Designed by David McLeod Craik of Swan, Maclaren & Craik, Loke Villa was a large Arts and Crafts style six-bedroom residence. Designed in a V-shape or ‘butterfly’ plan, the villa incorporated many verandahs and cantilevered balconies with bamboo chicks tucked under the eaves. This helped reduce the glare from the sun, and provided privacy and cross-ventilation to the building.

The entrance portico on the landward side was flanked by buttresses on either end, with Tuscan columns supporting a heavy parapet, which doubles as the railing for the first floor terrace and is decorated with ball finials. The heavy effect of the portico is lightened by a Diocletian fanlight and clerestory of round and semicircular windows. This clerestory is echoed on the seaward elevation.

The villa is articulated in three sections, with long wings terminating in splayed buttresses canted from the central block on either side. The horizontal composition is punctuated by the rhythm of the ground floor pilasters. These are echoed by the wooden verandah posts above. The two storeys are unified by the scrolled corbels on which the verandahs are cantilevered. The villa is topped by steep pitched roofs and the architect's signature terracotta finials. The narrow transoms and muntins, as well as the half-timbered gables at the ends of the two side wings is of Early English Renaissance style.

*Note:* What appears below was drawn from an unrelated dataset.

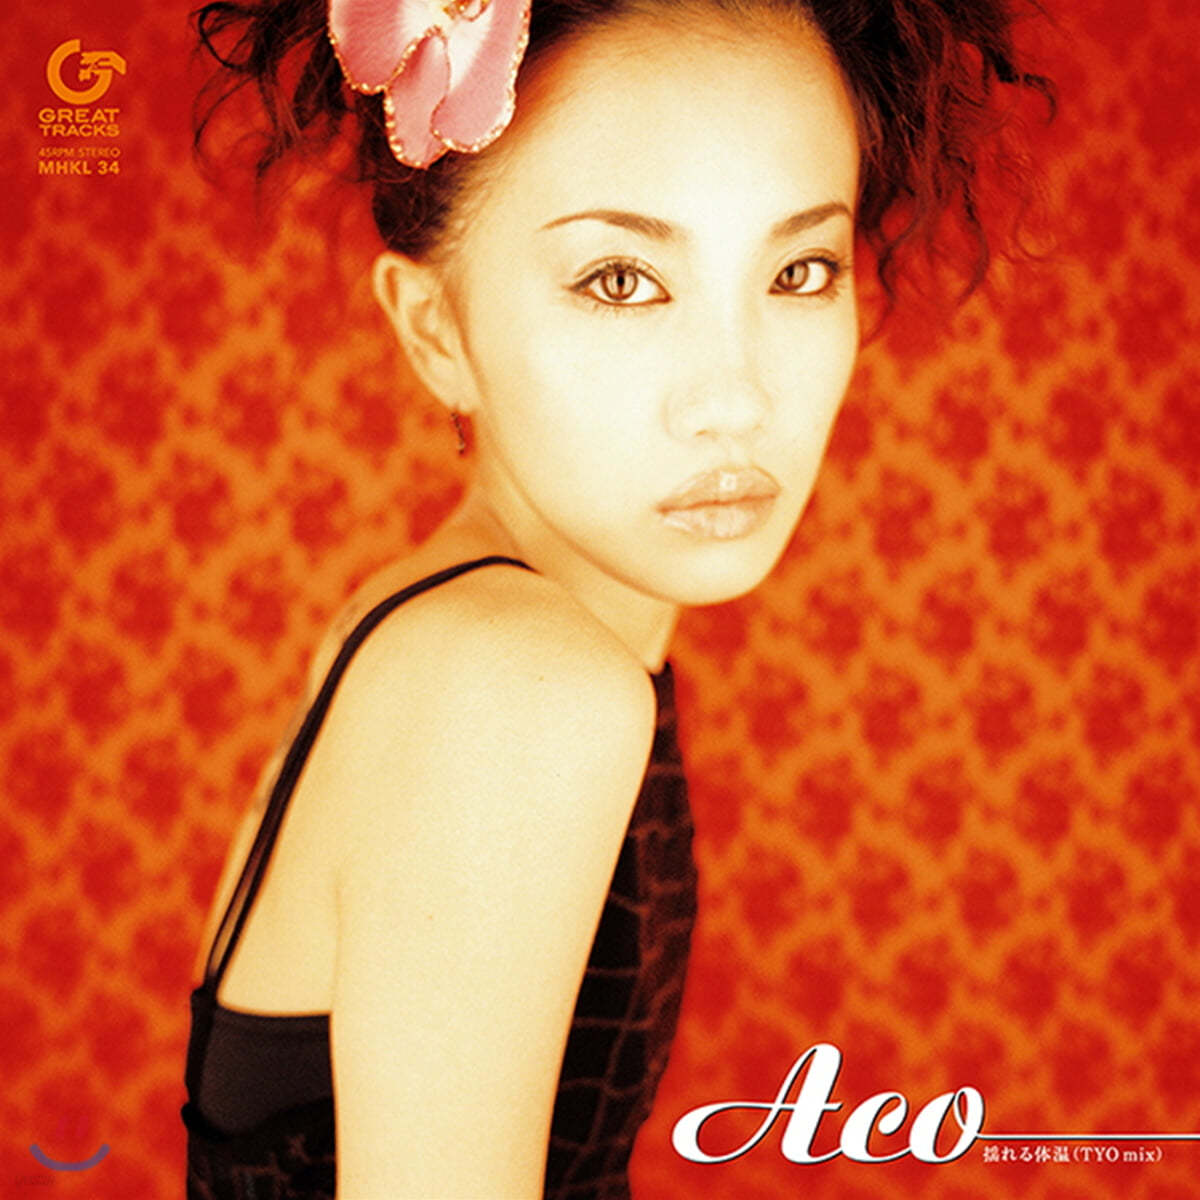 ACO (아코) - Yureru Taion (TYO Mix) [7인치 싱글 Vinyl]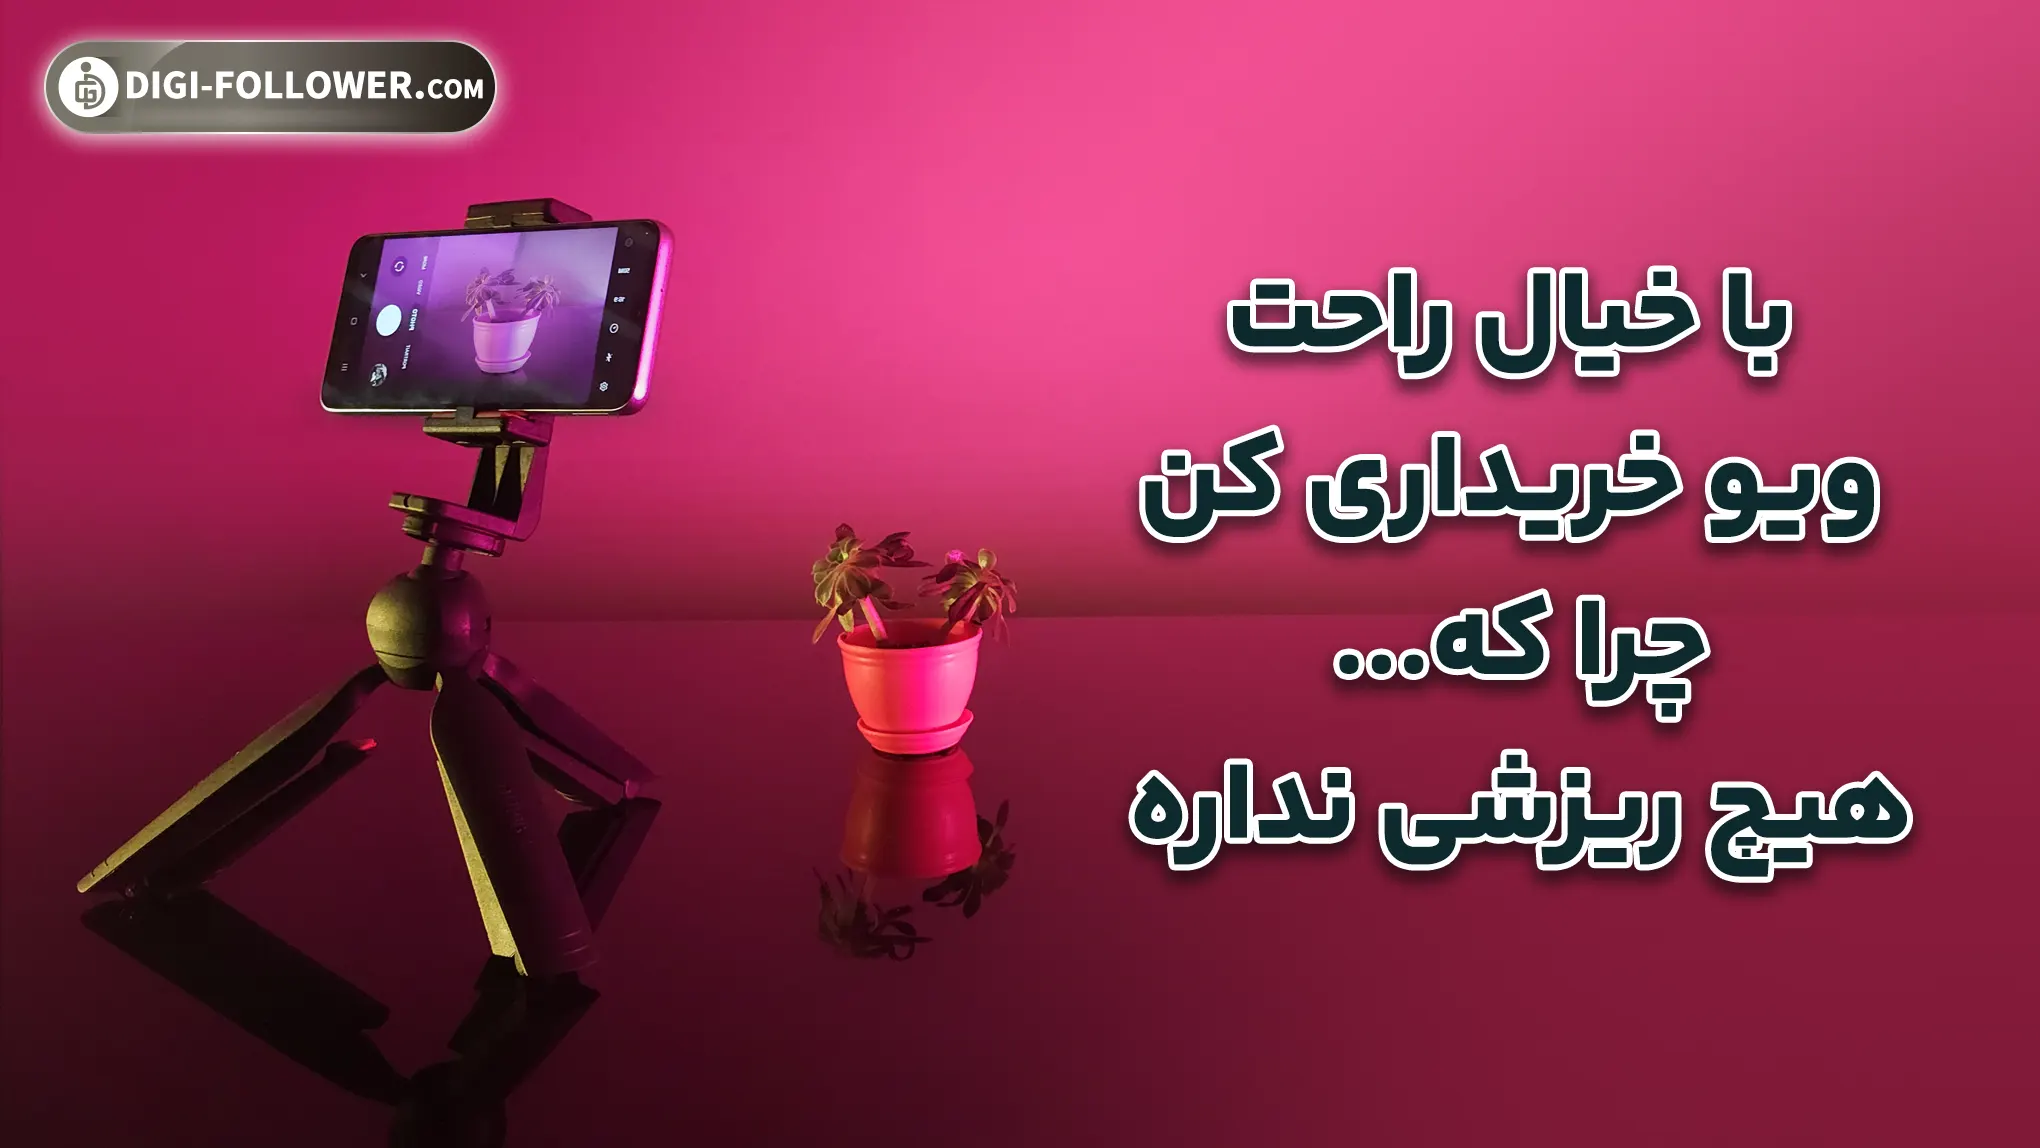 3-خرید ویو اینستاگرام واقعی و ایرانی ارزان قیمت (تحویل فوری)

Towards the seafront is an Italianate open terrace, articulated by three stone pavilions. The terrace is set on an arcadian balustrade wall, with steps leading to the lower compound, and from there to the beach. The villa also includes a garage in a mews building.

The house was finished with modern amenities and reputedly equipped with the first intercom telephone system among the Chinese houses in Penang.

== In popular culture ==
Loke Villa was featured in the film Road to Dawn, produced by Shenzhen Media Group. The film depicts the Chinese revolutionary Sun Yat-sen's activities while he was seeking refuge in Penang. In the film, Loke Villa became the venue of the birthday party for the fictional opium cartel boss Xu Boheng's wife.